The question that is now in my mind is this:
Is this another play by Obama and his pals to lower the stock values of the various oil companies so that Soros and his pals can also gain control over another aspect of the ‘energy’ industry?
It’s frustrating to constantly hear stories about low oil prices yet still have to pay over $4.00 a gallon at the pump!
If SoCal means Southern Kaliforni then you know who is at fault for your gas prices. And it is not the greedy oil companies or refineries. Not saying you said or believe that. Just hoping to head off THE let’s blame “Big Oil” for gouging us for the its “our” gas crowd here on FR.
I neither intended nor implied any suggestion of wrongdoing or conspiracy by anyone. It is simply frustrating to know that while crude prices have gone down, there has been no real corresponding price drop at the retail level in Southern California. Prices did drop for a very brief time, then went back up even as they were lowering elsewhere. I understand there have been refinery issues and other factors, but it still sucks!
Dude!
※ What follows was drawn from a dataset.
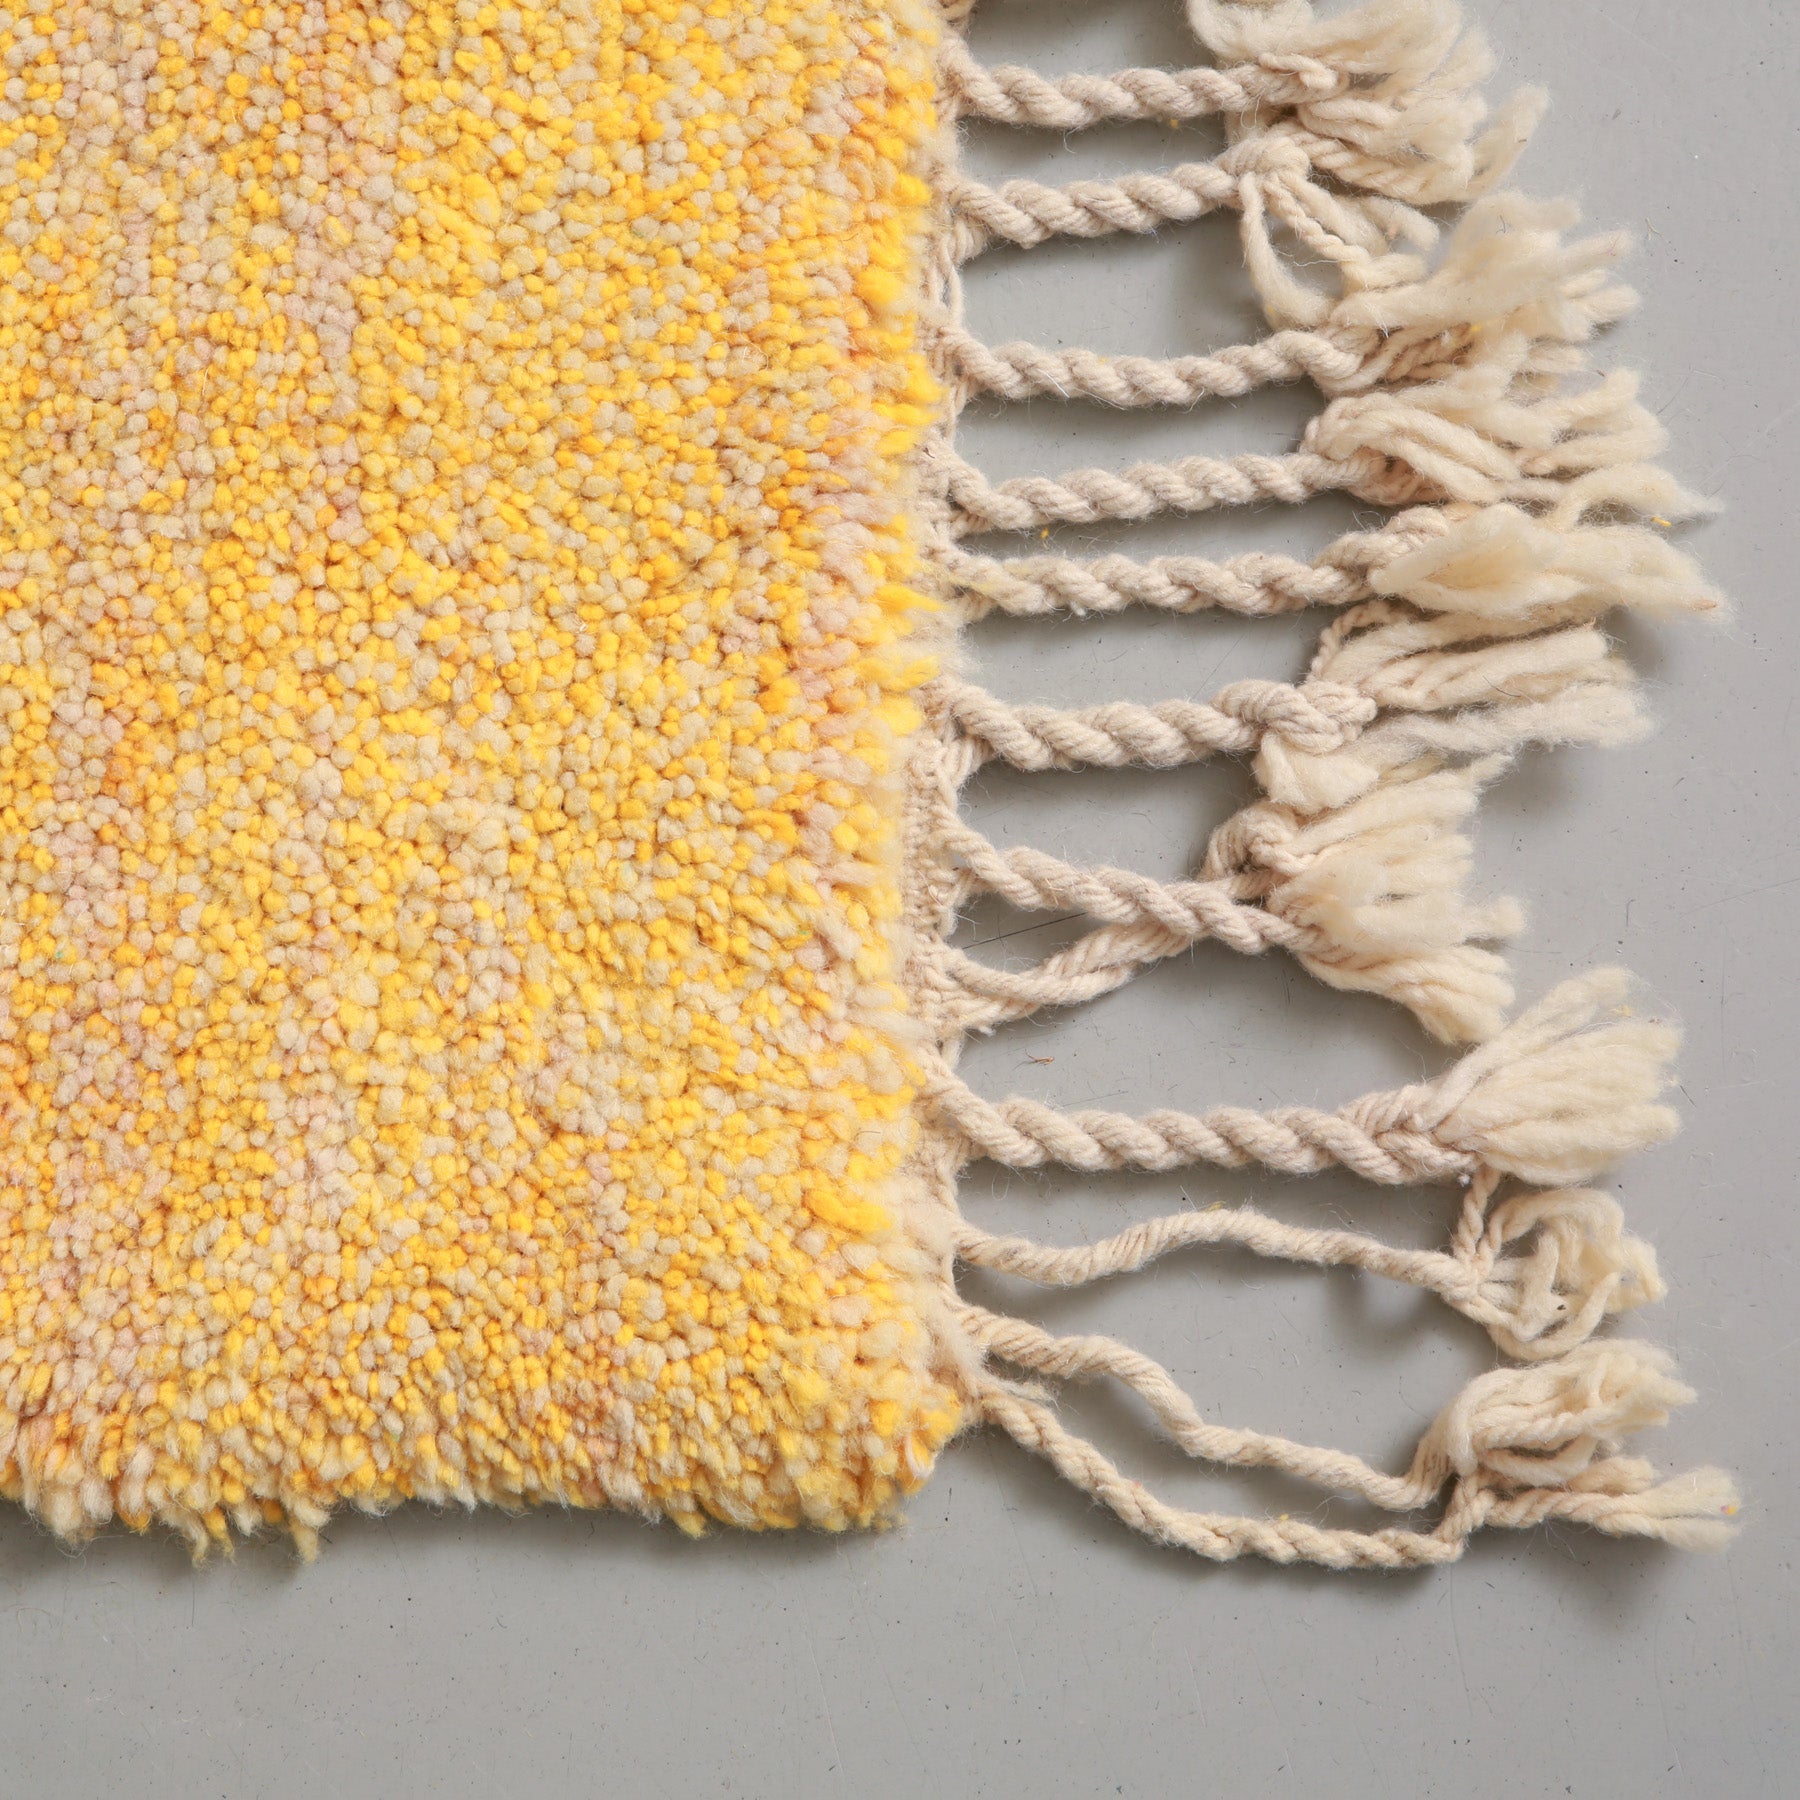 dettaglio dell'angolo e della frangia lunga  e della lana dalle molteplici sfumature di giallo di un tappeto beni ourain realizzato a mano

Your state has its own gas formulations, green fuel requirements, air permits to dispense fuel permits, severe zoning restrictions on gas stations, not to mention the sky high taxes.
Oil prices and refineries are the smallest of your issues. Oil could go to free and your gas prices won’t go below $3! Don’t even put CA prices anywhere near an honest article on oil and gas.
In the U.S., oil production is continuing with Cushing, Oklahoma storage near capacity and more crude simply being moved to the Gulf Coast as a storage alternative. Also, the glut is expected to build up in September as refineries undergo seasonal maintenance after record levels of gasoline production this summer.
...
Does that mean they can keep prices at the pump high?
I’m aware of all that. At no time did I imply that gasoline prices would go below three dollars a gallon where I live. In fact the station where I usually buy had mid grade at $3.65 per gallon this morning. So prices have fallen a bit in the last week. However, gas was over $4.00 about a week or so ago, when talk of lower crude prices, the coming influx of Iranian supply, etc was all over the news.
Again, I was simply lamenting the price TREND, which was opposite the national movement, not the always high cost of fuel due to taxation and regulation in California. Sometimes I really question the reading comprehension of people around here...dude.
An article about lower crude prices is comprehensible for most of us. What is not is why you lament CA prices being high when crude is falling. Everyone knows they are not connected.
Of course they are connected, obviously. By the same token crude prices are not the only factor. Plus, some of us can walk and chew bubble gum at the same time.